_SUPPLIED DATA:_
┌──

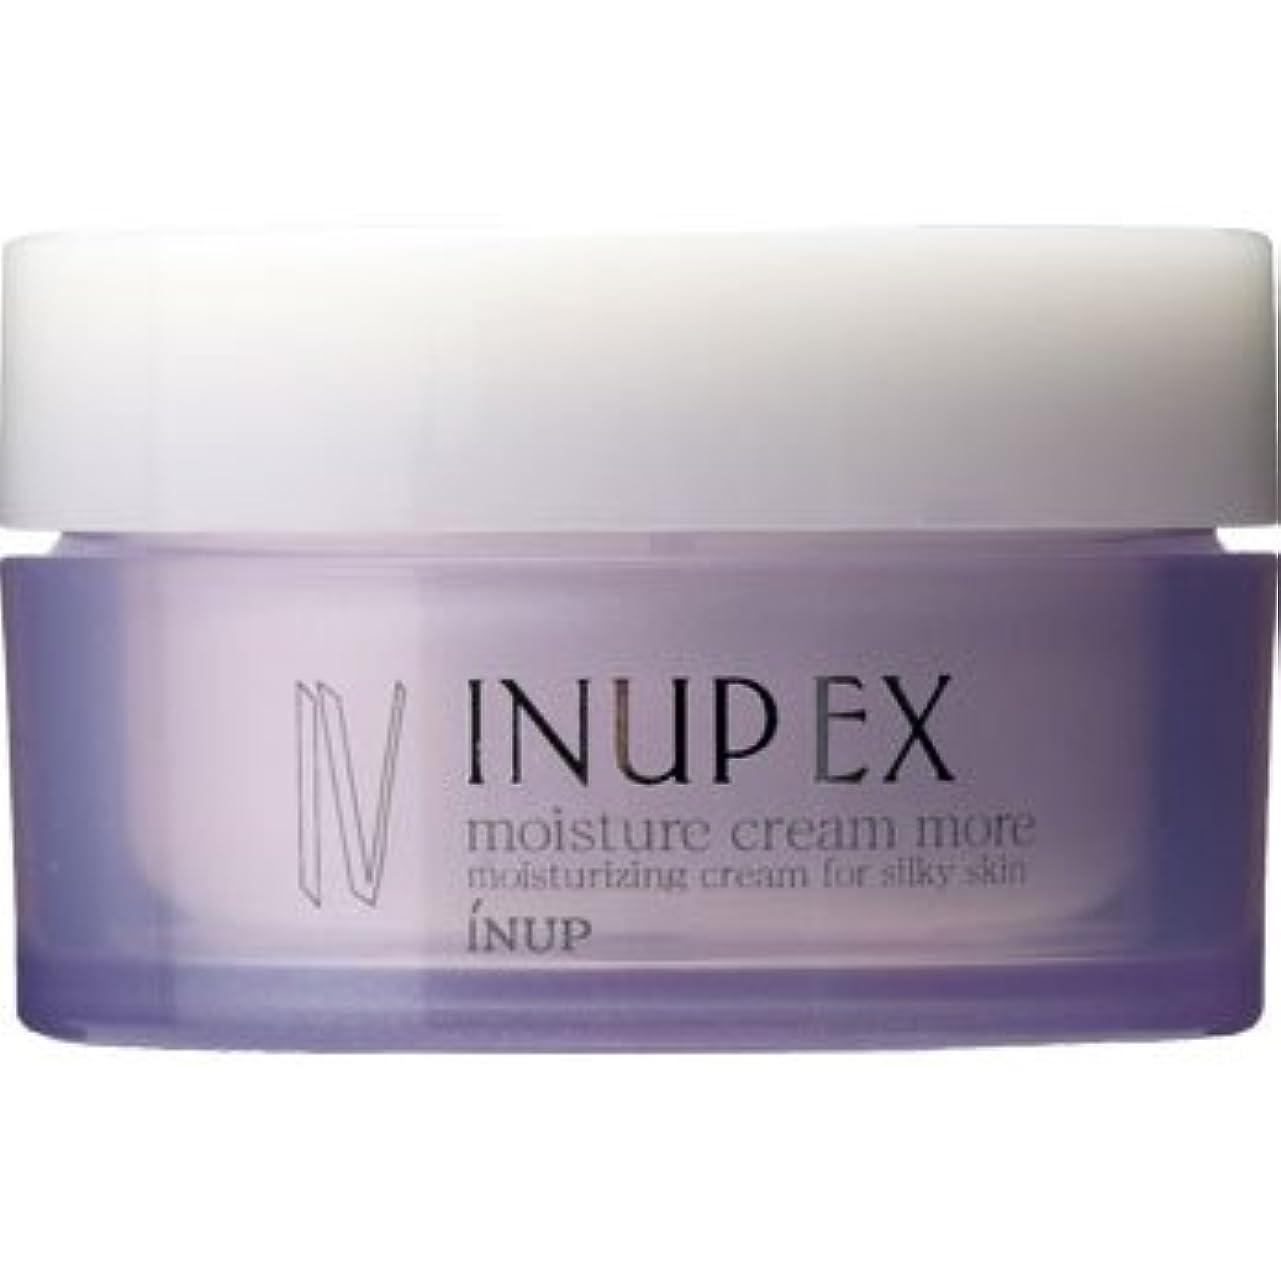 地下鉄うんざり眼インナップEX 保湿クリーム (潤い効果アップ) モイスチャークリーム MD (スパチュラ付)[弱酸性] 30g
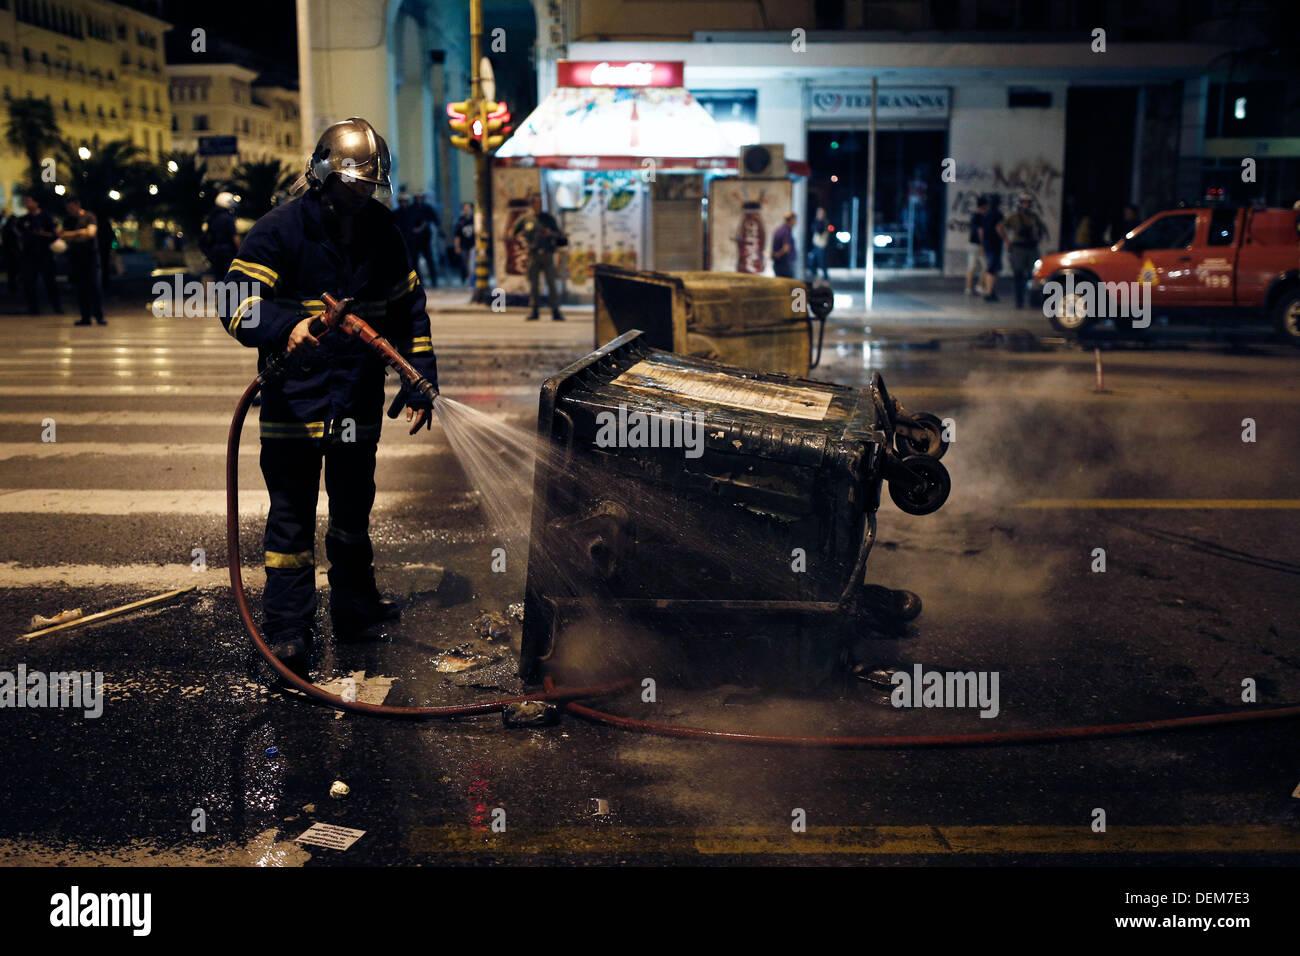 Salonicco, Grecia. Xx Settembre 2013. Pompiere spegne il fuoco nel cestino dopo la protesta antifascista. Rally antifasciste per protestare contro la accoltellato di Pavlos Fyssas Killah (P) che morì presto Mercoledì, nel sobborgo di Nikaia vicino ad Atene il Giovedì, Settembre 19, 2013. Credito: Konstantinos Tsakalidis/Alamy Live News Immagini Stock
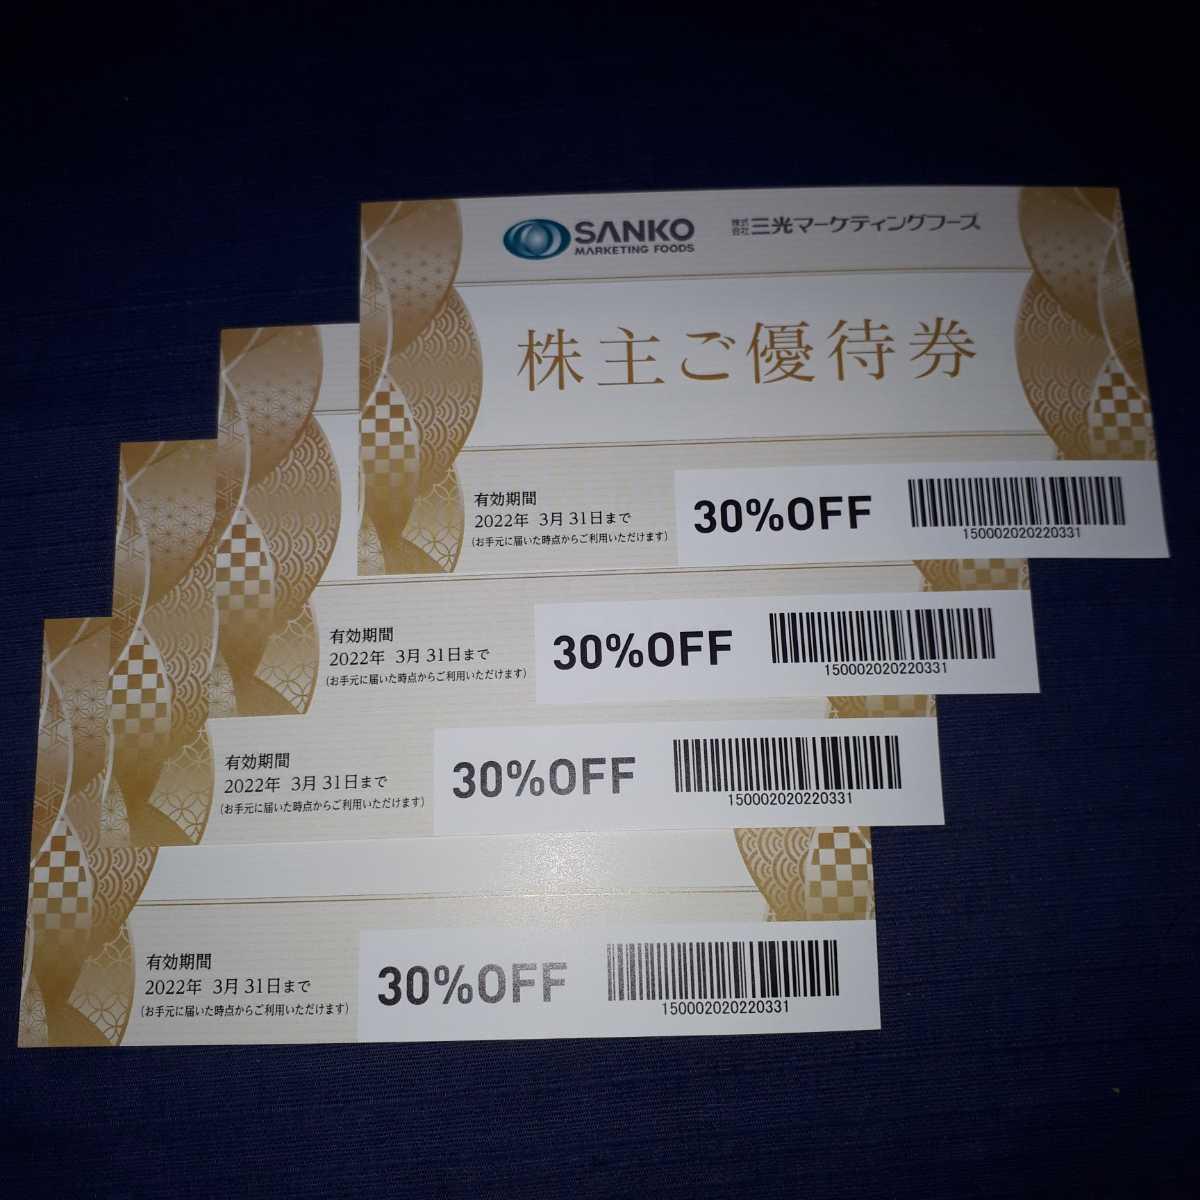 三光マーケティングフーズ株主ご優待券 4枚有効期限2022年3月31日 送料63円 C_画像1

└──

_WHAT THE TASK REQUIRES:_ Everything in the data above gets copied exactly. Only the pictures are skipped.

_YOUR SOLUTION:_
 地下鉄うんざり眼インナップEX 保湿クリーム (潤い効果アップ) モイスチャークリーム MD (スパチュラ付)[弱酸性] 30g
 Salonicco, Grecia. Xx Settembre 2013. Pompiere spegne il fuoco nel cestino dopo la protesta antifascista. Rally antifasciste per protestare contro la accoltellato di Pavlos Fyssas Killah (P) che morì presto Mercoledì, nel sobborgo di Nikaia vicino ad Atene il Giovedì, Settembre 19, 2013. Credito: Konstantinos Tsakalidis/Alamy Live News Immagini Stock
 三光マーケティングフーズ株主ご優待券 4枚有効期限2022年3月31日 送料63円 C_画像1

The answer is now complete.